Jetzt sind nur noch «Grelinette» (Deutsch: Gartengabel) und «Écureuil» (Eichhörnchen) übrig. Als letzte aus einer Gruppe von anfangs 150 Umweltaktivisten, die seit Oktober aus Protest den Hügel Mormont bei Eclépens VD besetzten, harren sie auf den Bäumen des Hügels aus.

Die Zementfirma Holcim trägt auf dem Mormont seit Jahrzehnten Steine ab, das Gebiet wird mit Einwilligung des Kantons fortlaufend vergrössert. Grelinette und Écureil wollen das nicht Mitansehen. Solange sie und die anderen Aktivisten dort waren, konnte nicht abgebaut werden. Doch am Dienstag räumte die Polizei den Hügel.
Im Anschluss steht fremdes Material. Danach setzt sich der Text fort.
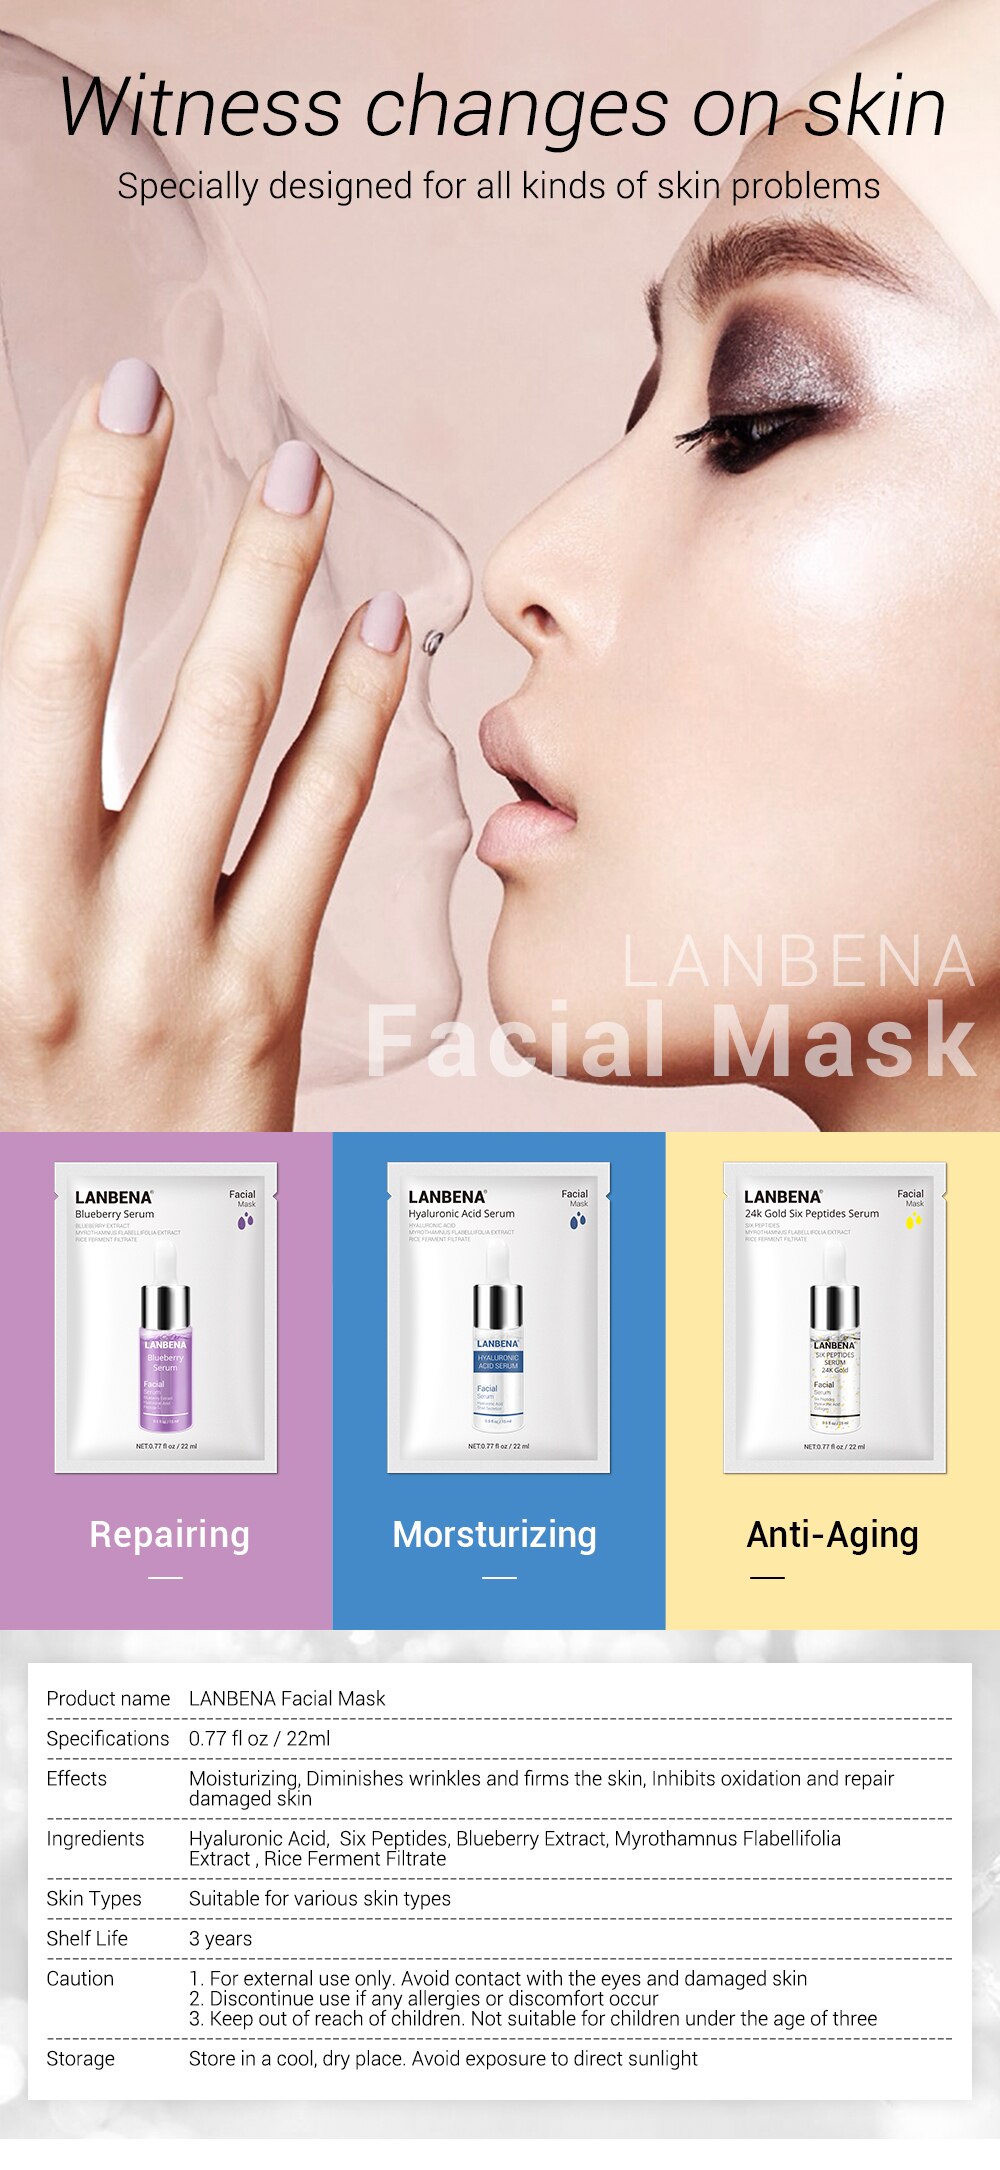 LANBENA Face Masks Hyaluronic Acid Vitamin C Serum Blueberry Sheet Mask Moisturize Whitening Anti-Aging Water-Locking Skin Care
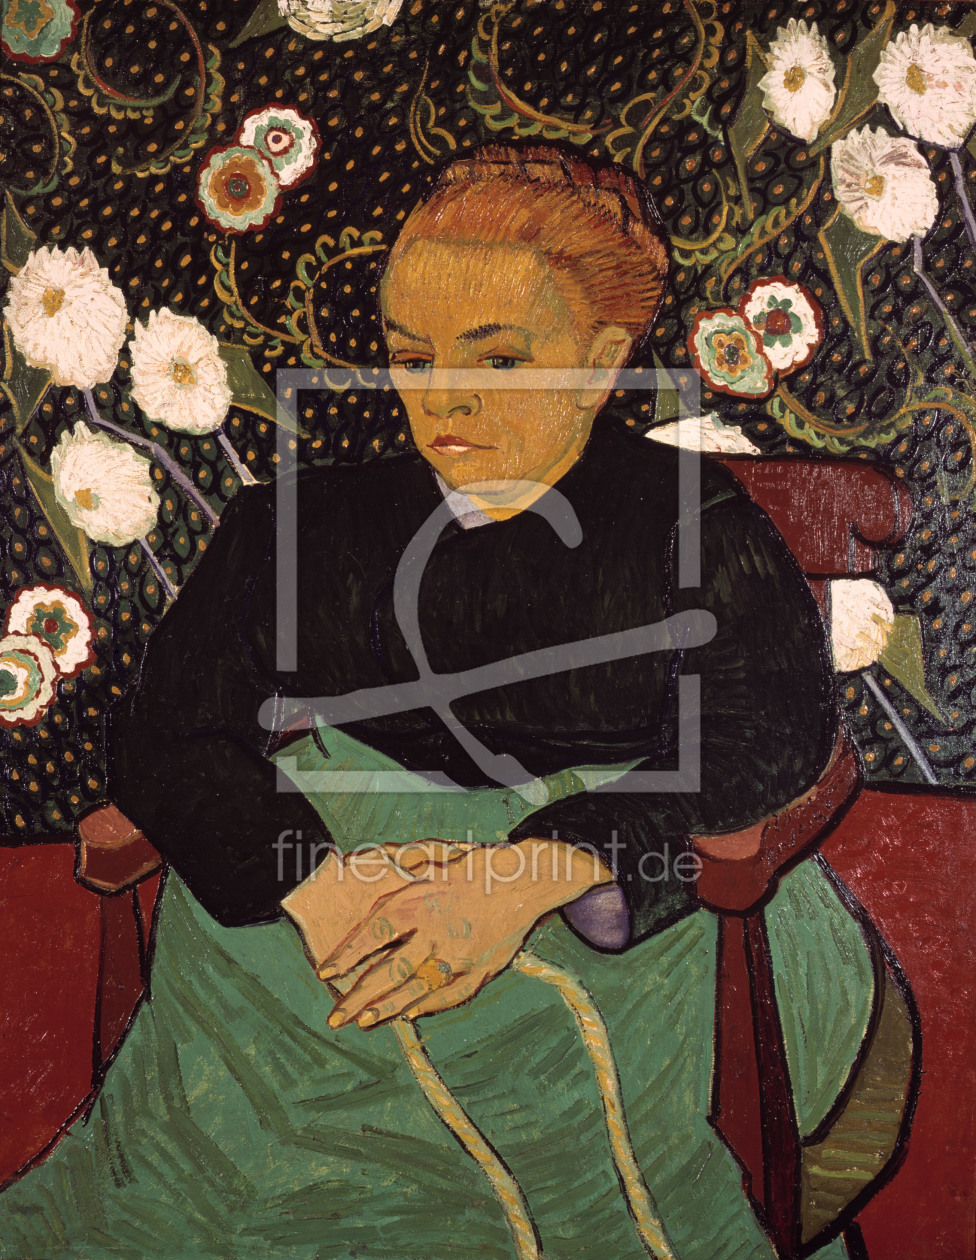 Bild-Nr.: 30003378 van Gogh / Portrait of Augustine Roulin erstellt von van Gogh, Vincent
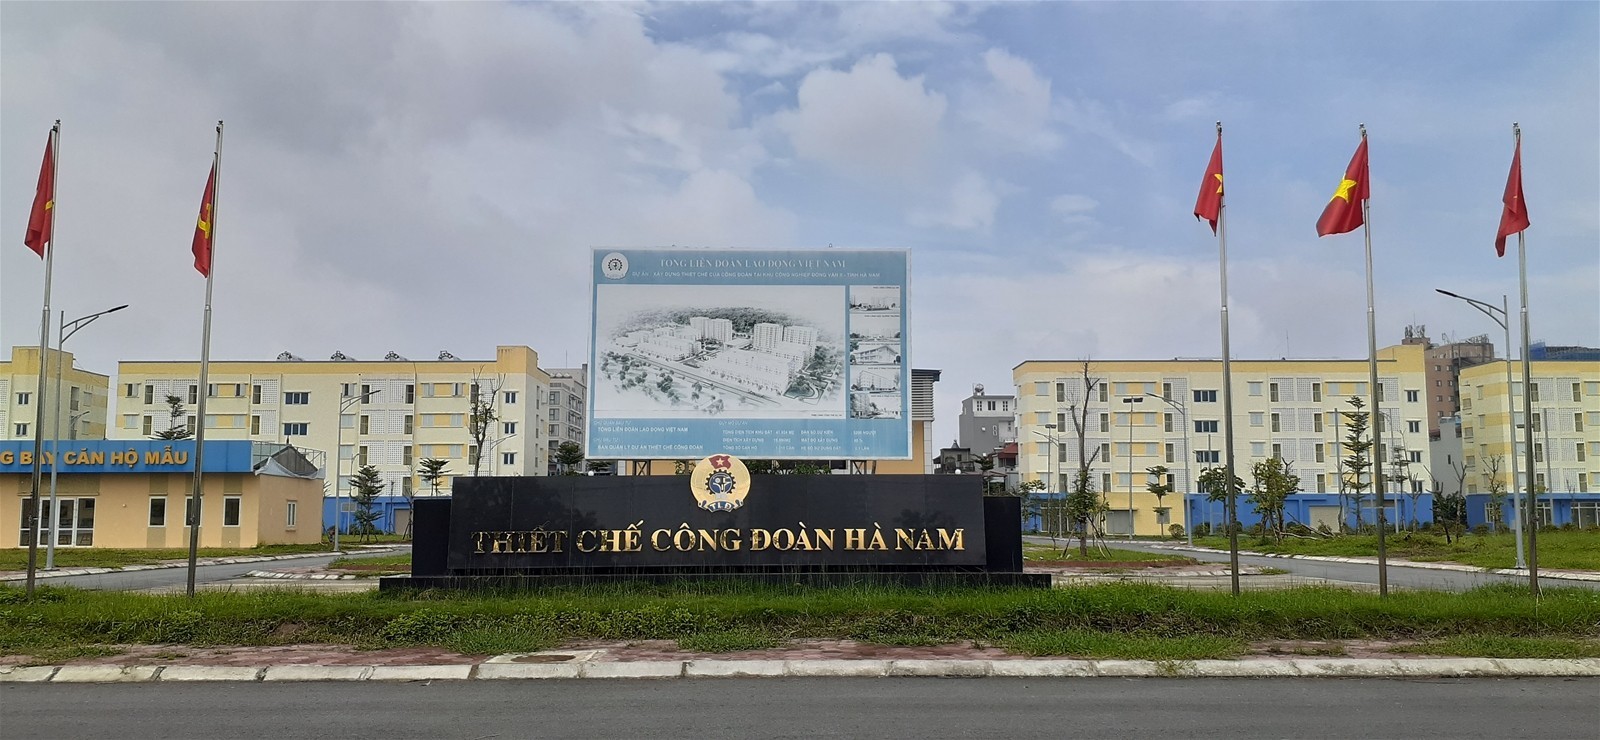 
Dự án Thiết chế Công đoàn tại Khu công nghiệp Đồng Văn II (tỉnh Hà Nam).

Mehrheitlich lief das friedlich ab, 83 Personen wurden verhaftet und identifiziert, bis auf 20 wurden alle wieder freigelassen. Die Staatsanwaltschaft ermittelt gegen sie unter anderem wegen Hausfriedensbruch, Verhinderung einer Amtshandlung und in geringem Masse auch wegen Gewalt gegen Amtsträger.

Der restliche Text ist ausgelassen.